Interaction with the ‘unallowable purpose’ rules
CTA09/S441 and S690 prohibit a company from bringing into account debits in so far as they are attributable to an ‘unallowable purpose’ of a loan relationship or derivative contract (see CFM3800 and CFM56010+.). An unallowable purpose includes a tax avoidance purpose as defined in S442 and S691. S441 and S690 are not aimed at specific tax avoidance arrangements, and it is possible for their application to overlap with the regime anti-avoidance rules.
In such a case the general approach should be that, where avoidance is aimed at exploiting or sidestepping provisions of Part 5 or Part 7, the counteraction should be taken under the rules in S455B or S698B that are intended to protect those regimes.

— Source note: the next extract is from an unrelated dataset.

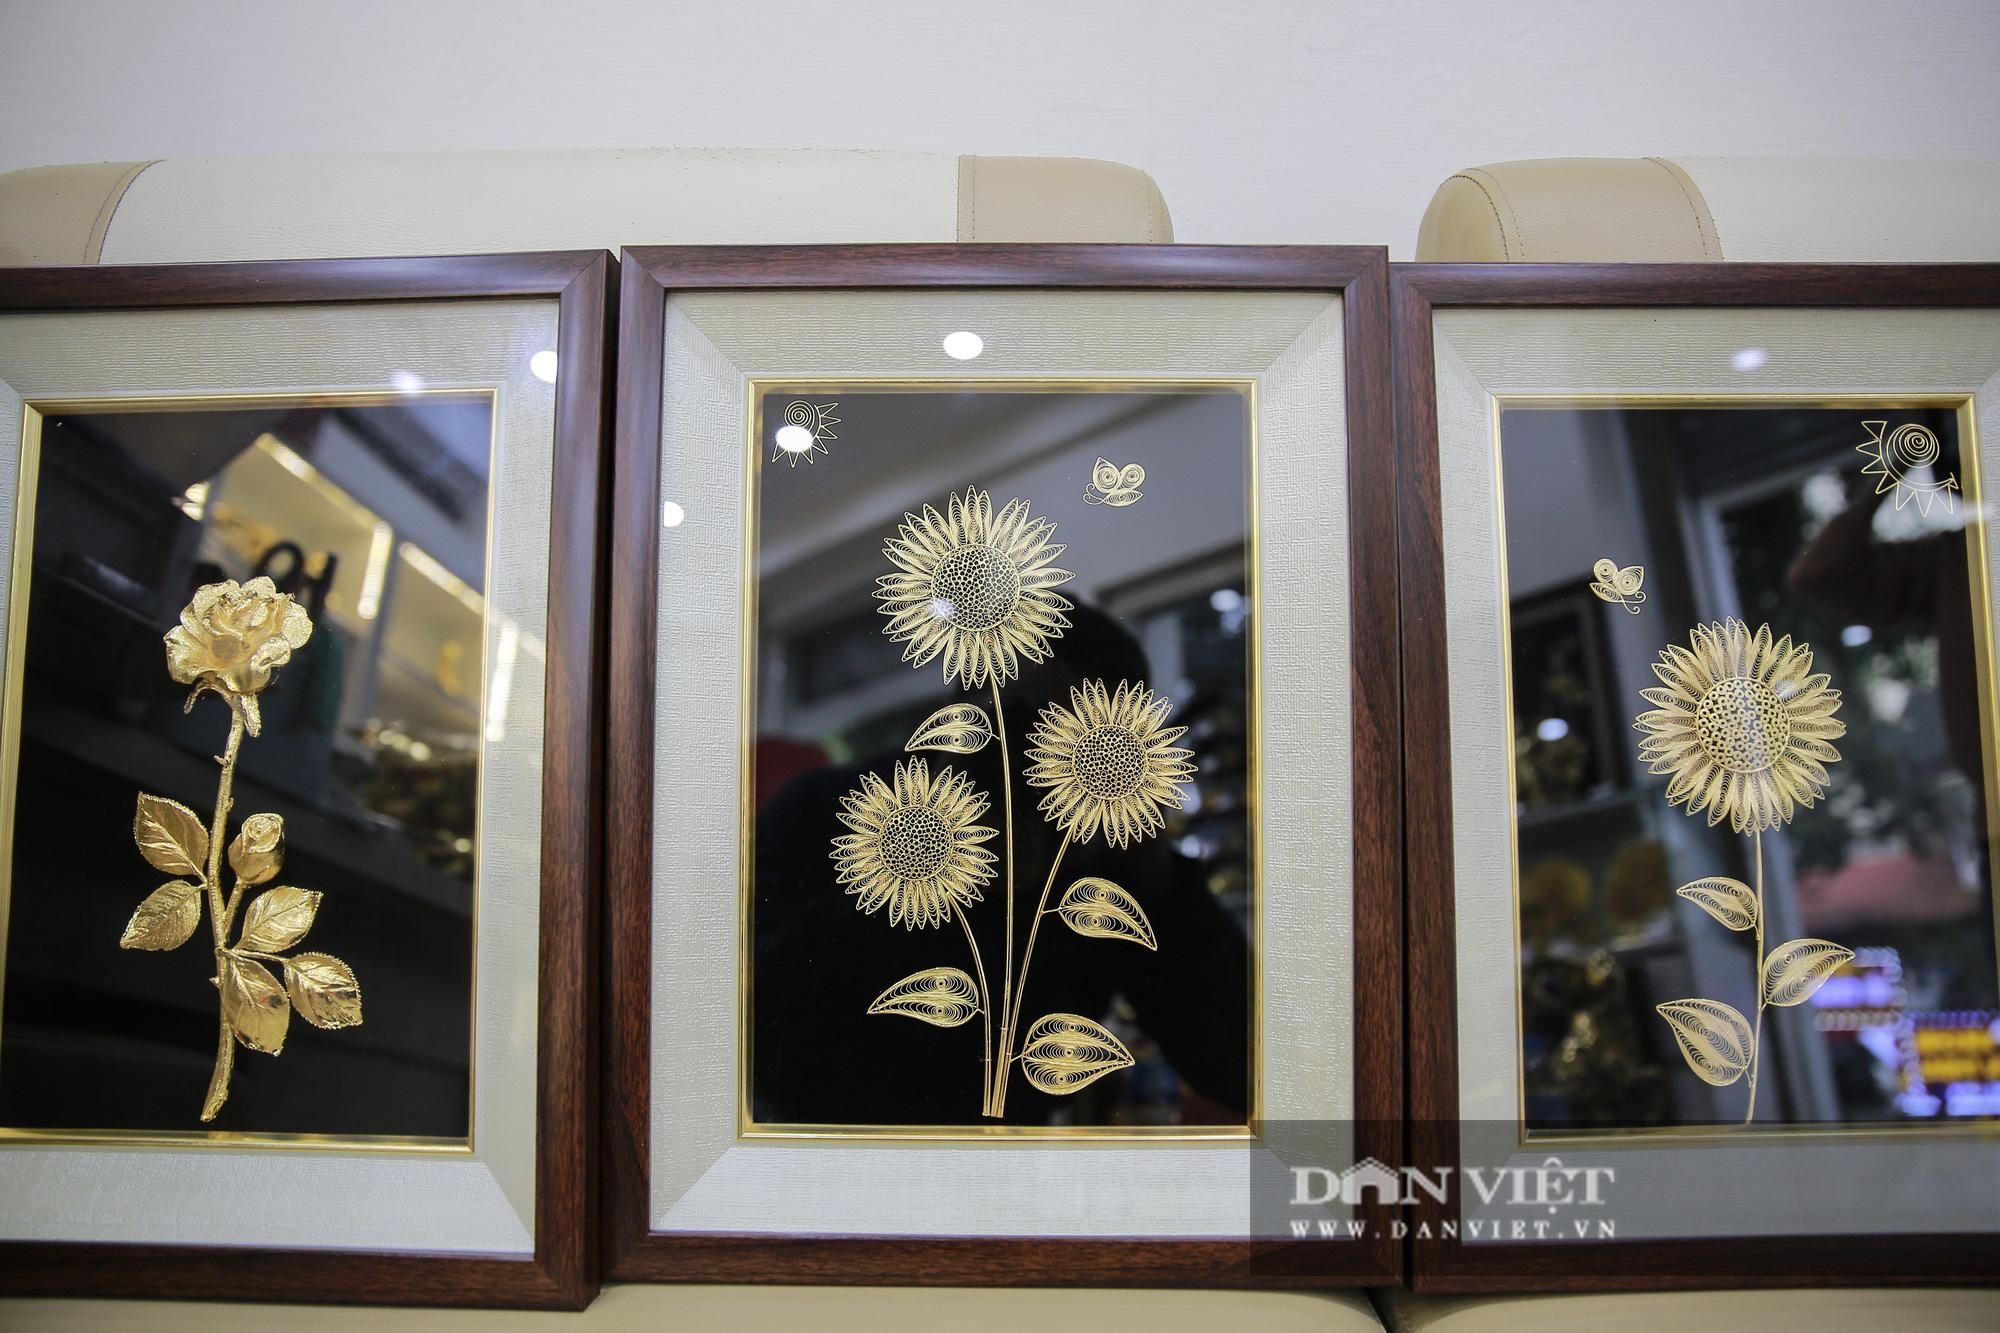 Thị trường quà tặng 8/3: Hoa, tranh, khuy cài áo mạ vàng cực đắt lên ngôi - Ảnh 7.

However, S441 and S690 have a wider scope than S455B and S698B, in that their application is not limited to loan-related or derivative-related tax advantages defined in terms of Part 5 or Part 7 credits and debits. They draw on the much more general definition of a tax advantage in CTA2010/S1139 and do not include any equivalent provisions to S455C(4) and S698C(4), requiring consideration of the principles or policy objectives behind relevant legislation. So, for example, if a loan were entered into purely to fund an avoidance scheme which sought to exploit or avoid some other part of the tax code, S441 would prohibit a debit in respect of any interest payable. This is not to say that S455B cannot apply in such a circumstance, but generally the approach should be to apply S441. Example 10 (thin capitalisation - see CFM39580) gives a further instance of where it is likely that it is S441, rather than S455B, which should be applied if there is evidence of tax avoidance. In that example, even though loan-related tax advantages are potentially in scope, the arrangements (straightforward debt) are not aimed at exploiting or sidestepping provisions of Part 5.